In many web frameworks, it is possible to perform integration testing on an app without spinning up a live server (see docs from Flask, Fastify and Laravel). Simulating the network rather than actually sending requests over localhost can have a significant performance improvement. For example, in a benchmark I made, using Flask's test client was nearly 5x faster (3 seconds) than sending real requests with the requests
library (14 seconds).
However, when using Express, I have not been able to find a way to achieve this.

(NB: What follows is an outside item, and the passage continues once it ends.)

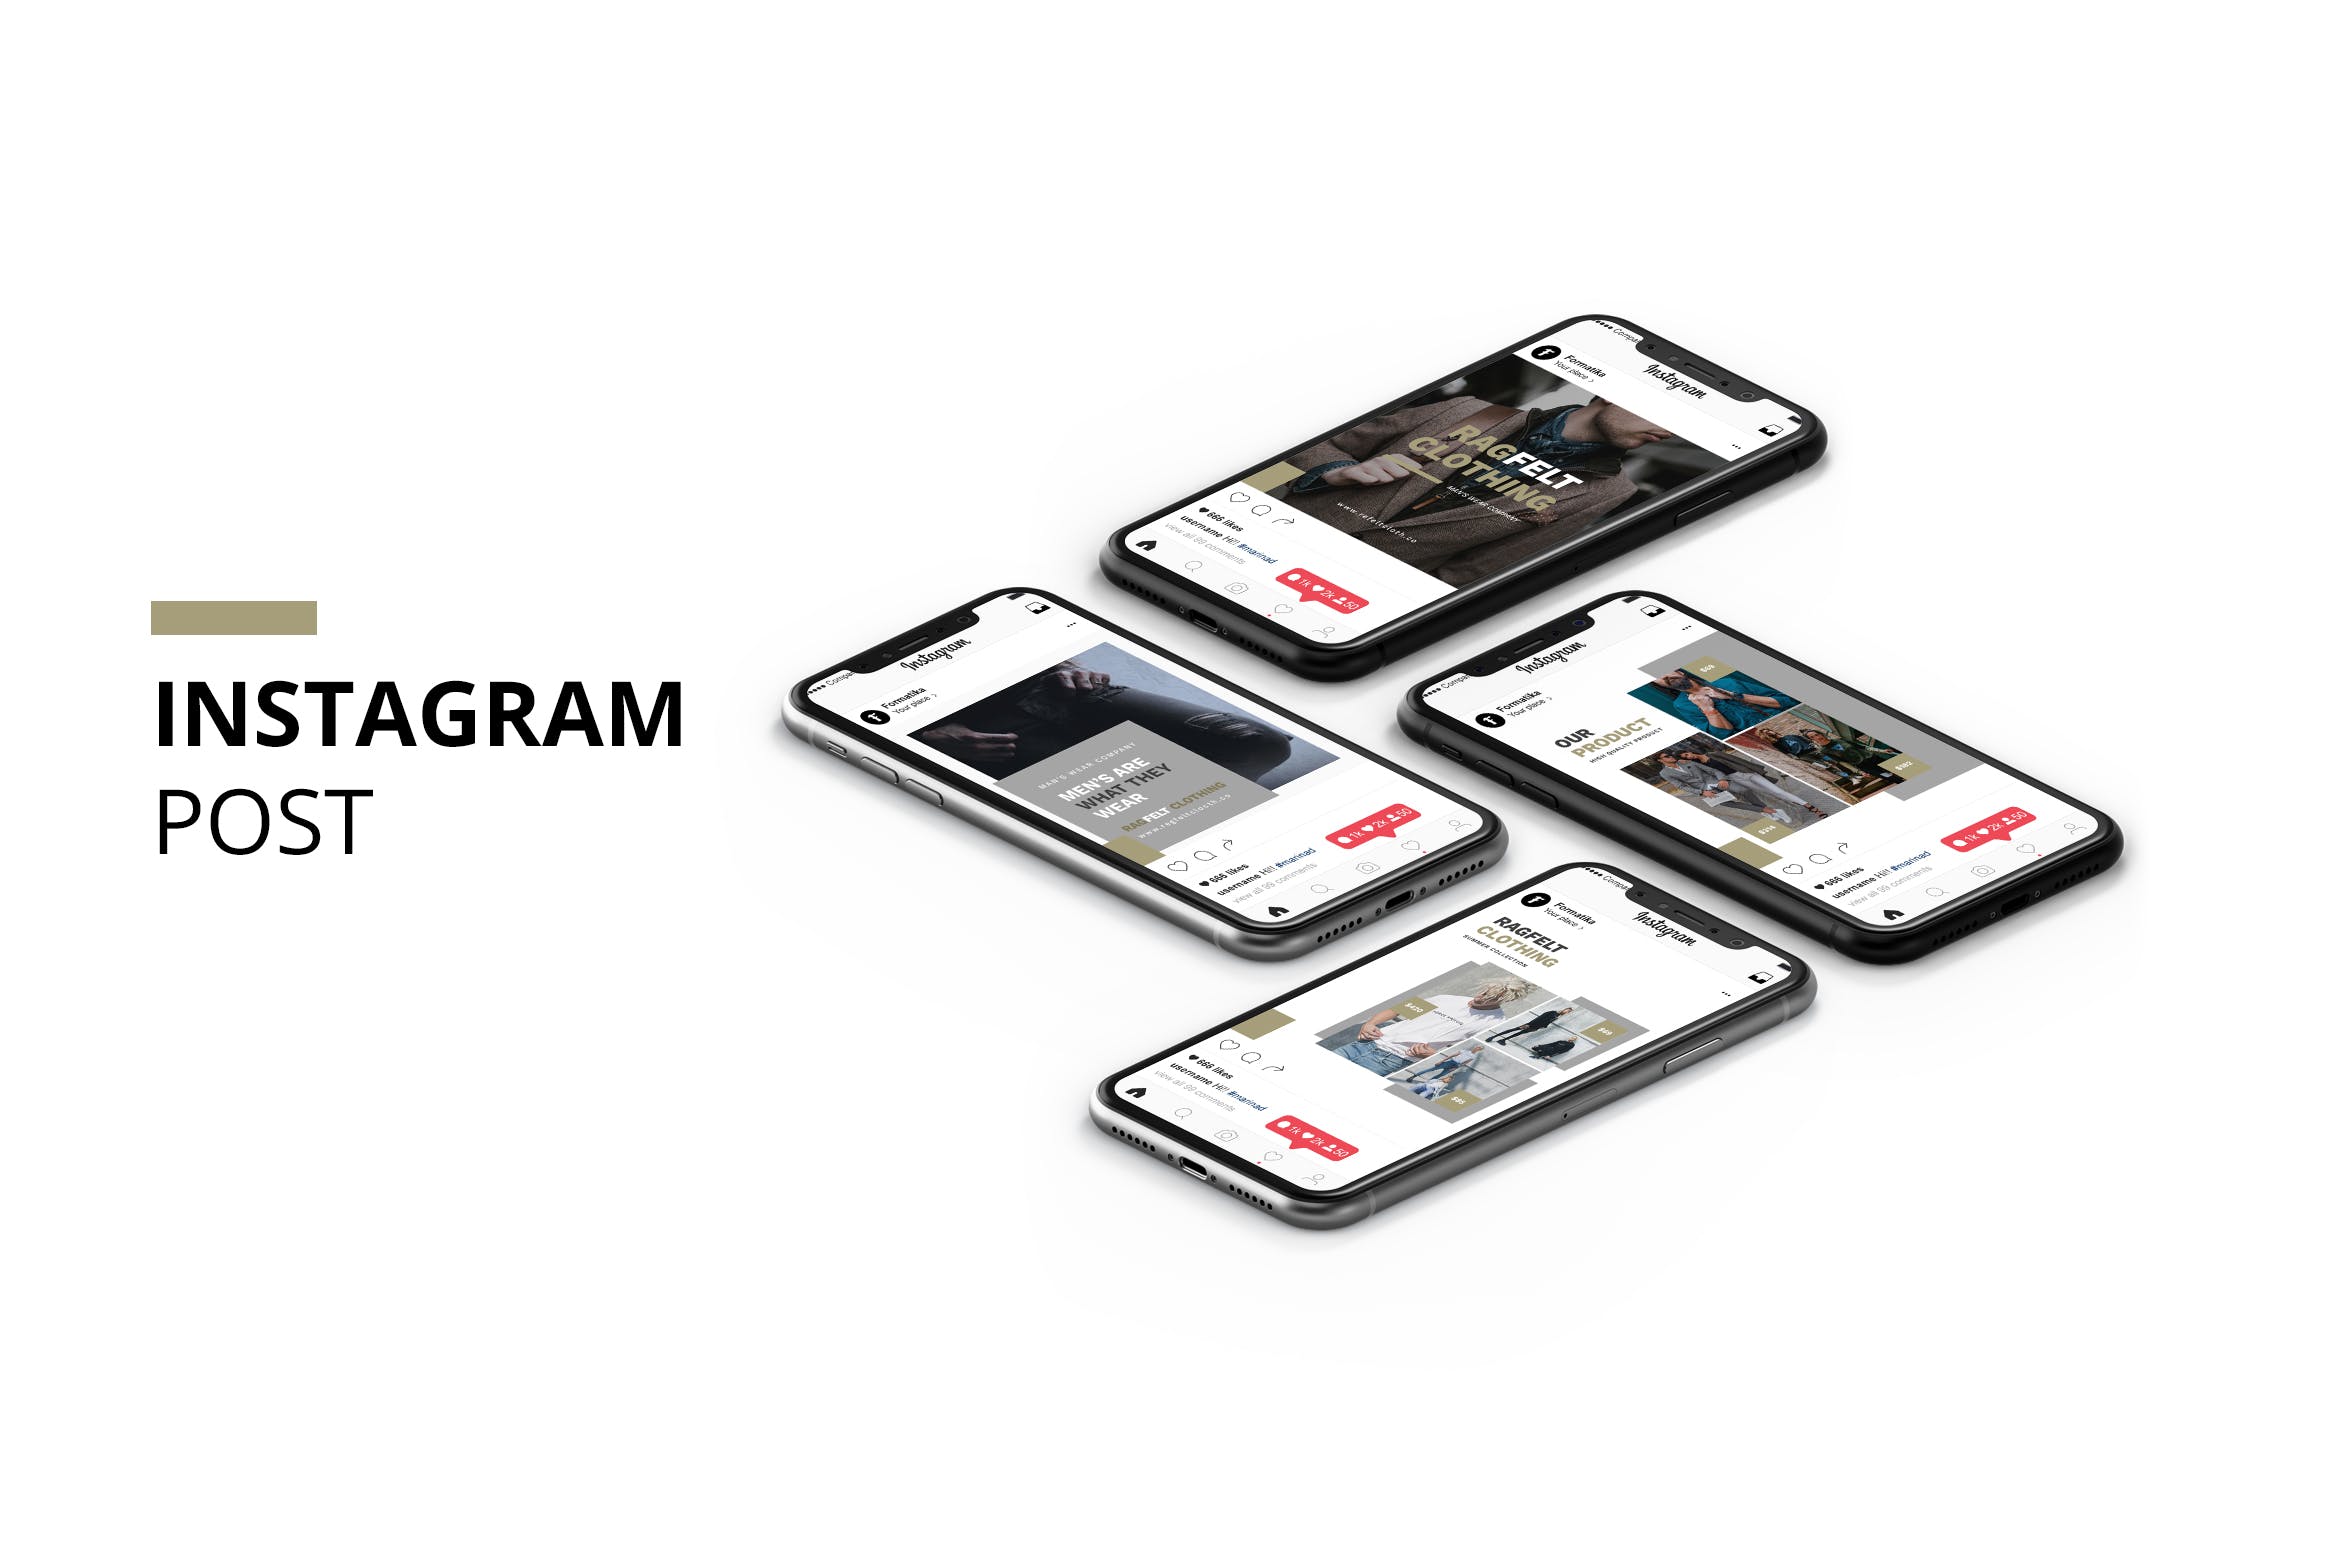 男装品牌推广Instagram贴图设计模板第一素材精选 Ragfelt Man Fashion Instagram Post插图

Tools such as supertest
appear to quietly start the server on an ephemeral port, rather than simulating the network.
How can I perform simulated requests to an Express server, rather than starting the server and requesting to it over localhost?
You can use the light-my-request
library, which is compatible with Express, as well as many other Node-based web frameworks.
// server.js
import express, { json } from 'express';
const server = express();
server.use(json());
server.post('/my/route', (req, res) => {
const { name } = req.body;
res.json({ greeting: `Hello, ${name}` });
});
export default server;
// server.test.js
import server from './server.js';
import inject from 'light-my-requests';
test('Basic request', async () => {
const response = await inject(server, {
method: 'POST',
url: '/my/route',
headers: { 'Content-Type': 'application/json' },
payload: JSON.stringify({ name: 'Maddy' }),
};
const json = JSON.parse(response.payload);
expect(json).toStrictEqual({ greeting: 'Hello, Maddy' });
});
The performance is about 50% faster (4.3 seconds) than using the fetch API (6.5 seconds), at least in the benchmark I ran.